The research team 拆解 (decomposed) this score into two quantities: matched: the log-prob of the reasoning on the real input; marginal: the log-prob of the reasoning on the mixture of all inputs.

The difference between these two quantities is the shadow of mutual information.

Based on this idea, the research team proposed two main metrics:

  • Retrieval-Accuracy: Looks at whether the reasoning chain can "recognize its own input." If the model collapses, this accuracy drops to random levels.
  • MI-ZScore-EMA: Turns matched − marginal into a continuous metric, adding z-score and EMA smoothing. It is more stable and better suited for training monitoring.

Most critically, these metrics require no extra models and no extra inference; they can be calculated during the training process itself.

This transforms MI from a "theoretical concept" into an "engineering-ready monitoring signal."

Strong Correlation Between MI and Task Performance

There is a very shocking discovery in RAGEN-2's experiments.

The correlation between MI and the final task success rate is very high. The correlation between Entropy and task success rate is not only low but can even be negative.

In other words, the higher the entropy, the worse the task performance might be. It's like seeing a person speaking more and more fluently, but the content becomes more and more absurd.

This indicates that entropy is not only unreliable but can also mislead training judgments. MI is the metric that can truly tell you "whether the model is thinking seriously."

What RAGEN-2 has done here is essentially transform "reasoning quality" from a vague concept into a quantifiable, monitorable, and optimizable metric system.

04 The Root Cause of Reasoning Collapse: The SNR (Signal-to-Noise Ratio) Mechanism

If the MI Proxy is the "diagnostic tool," then the SNR theory is the "etiological analysis." The third major contribution of RAGEN-2 is explaining why RL causes model reasoning to collapse.

This part is where the research team shows the most insight.

Diagram of Signal-to-Noise Ratio in RL updates

Figure 2 | Schematic of Signal-to-Noise Ratio (SNR) in RL updates. Left: Total gradient decomposed into task gradient (sharpens as input reward variance increases) and regularization gradient. Correct high reward variance produces strong task gradients and better convergence (high SNR); low reward variance makes regularization gradients dominant, producing unstable updates and input-independent reasoning (low SNR).

Key Finding: Reward Variance Determines Task Gradient Strength

The research team's experimental findings are very clear.

When the reward variance for an input is high, the model can learn useful signals from different trajectories; the task gradient is strong, and reasoning naturally depends on the input.

When the reward variance is low, the model learns almost no useful differences; the task gradient is weak, and the regularization terms (KL + Entropy) become the dominant force.

This leads to reasoning being "pushed toward templating."

High Reward Variance → Strong Task Signal → Reasoning depends on input.
Low Reward Variance → Weak Task Signal → Regularization dominates → Reasoning becomes templated.

This is the fundamental trigger for Reasoning Collapse.

Gradient Decomposition: Task Signal vs. Task Noise vs.

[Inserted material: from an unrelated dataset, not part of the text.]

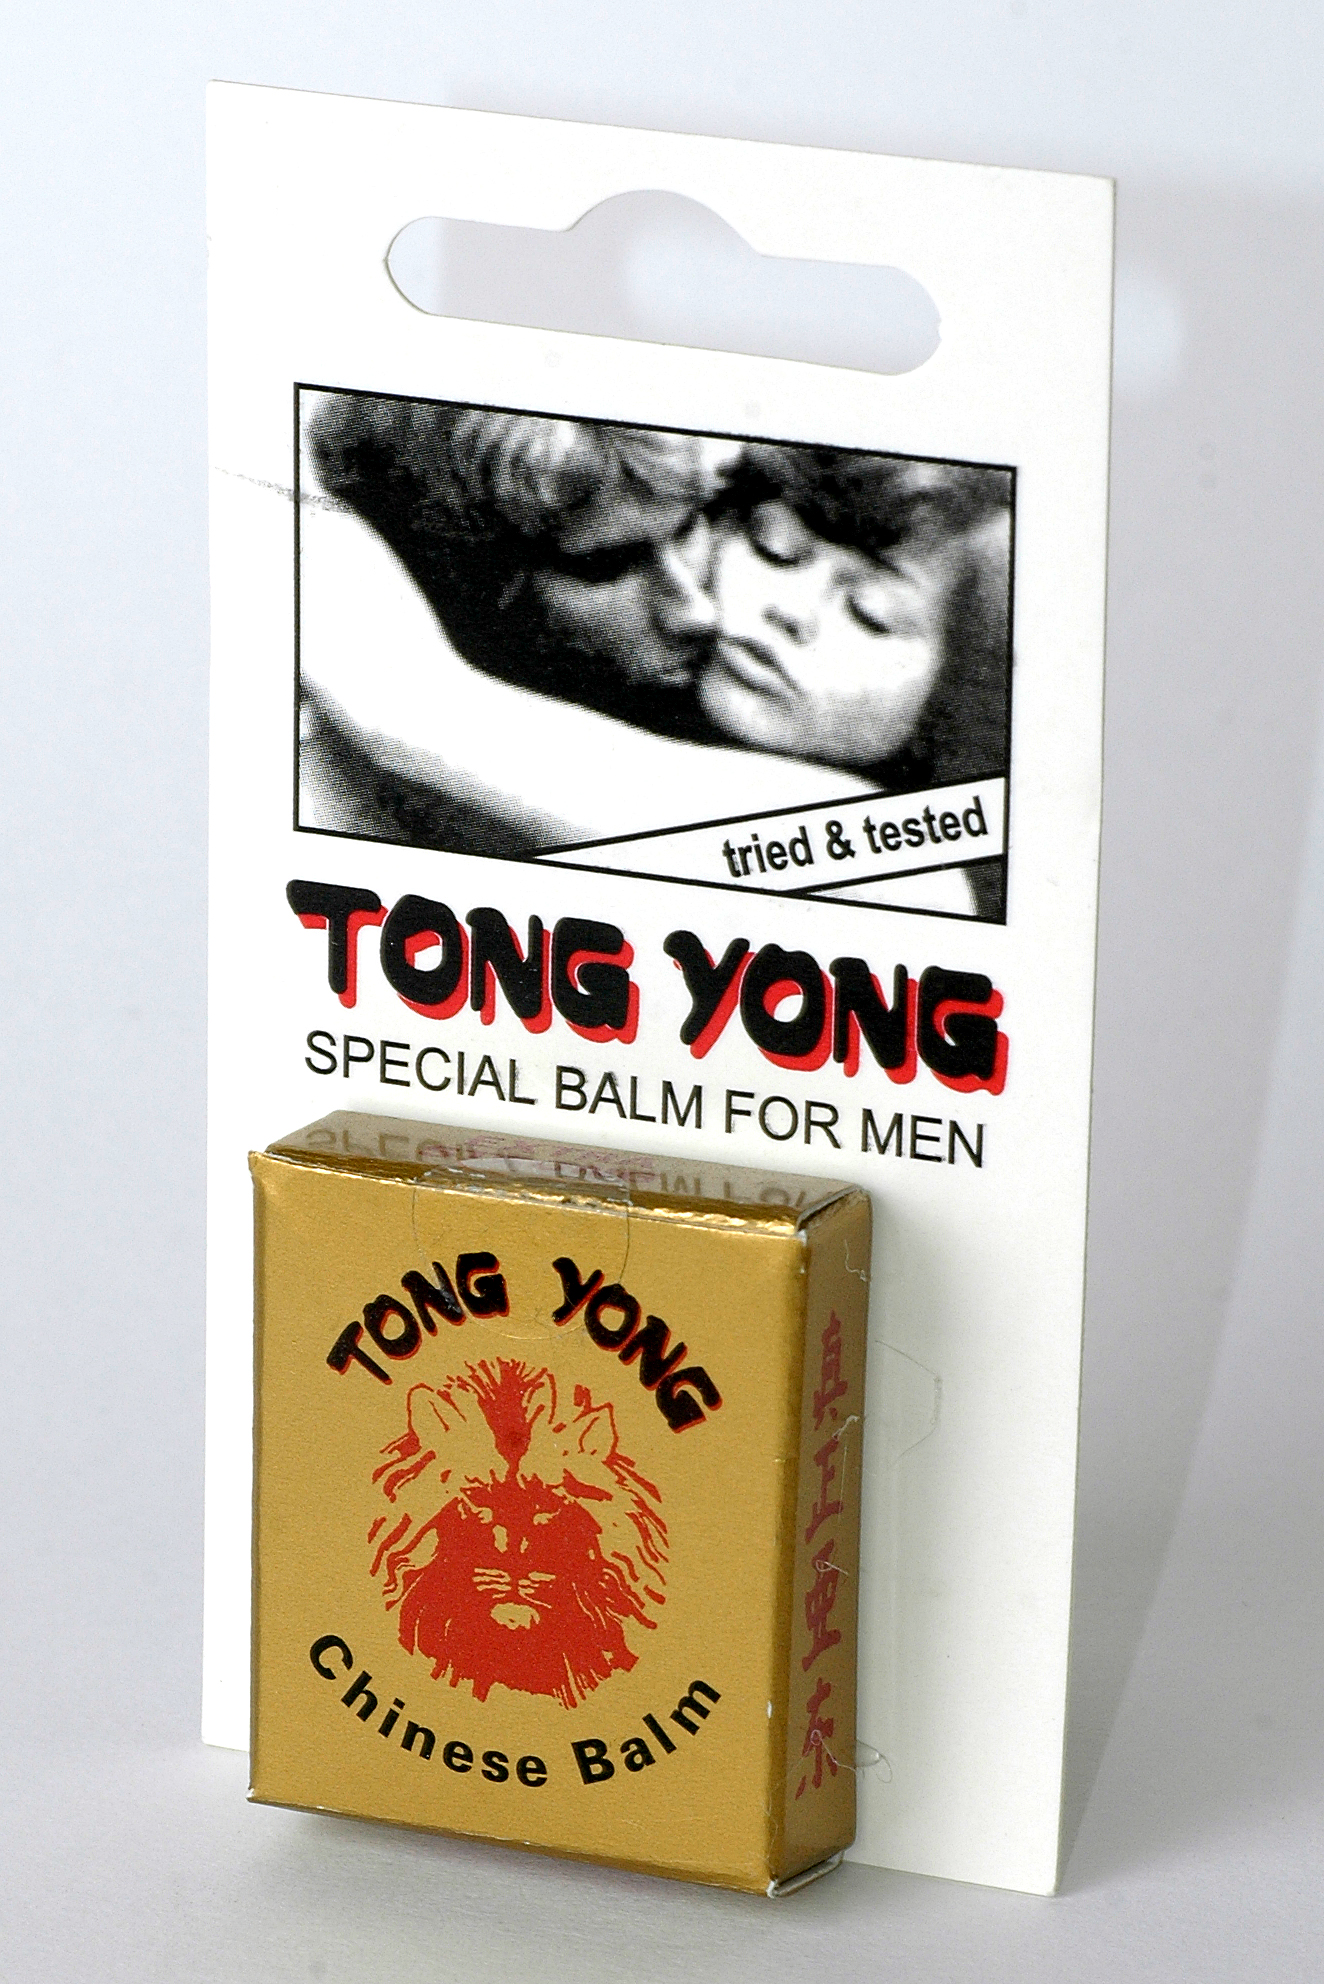 tong-yong-chinese-balm-2ml

Regularization Noise

The research team decomposed the RL gradient into three parts:

Formula decomposing gradients into signal, task-noise, and reg

g_signal is the truly useful task signal, g_task-noise is sampling noise, and g_reg is the KL and entropy regularization term.

When reward variance is low, g_signal approaches 0. But g_reg does not decrease at all; it is an input-independent "uniform contraction force."

Thus, g_reg becomes the dominant force, pulling reasoning toward an "input-independent template."

This is why the model exhibits the phenomenon of "looking like it's thinking, but actually reciting templates."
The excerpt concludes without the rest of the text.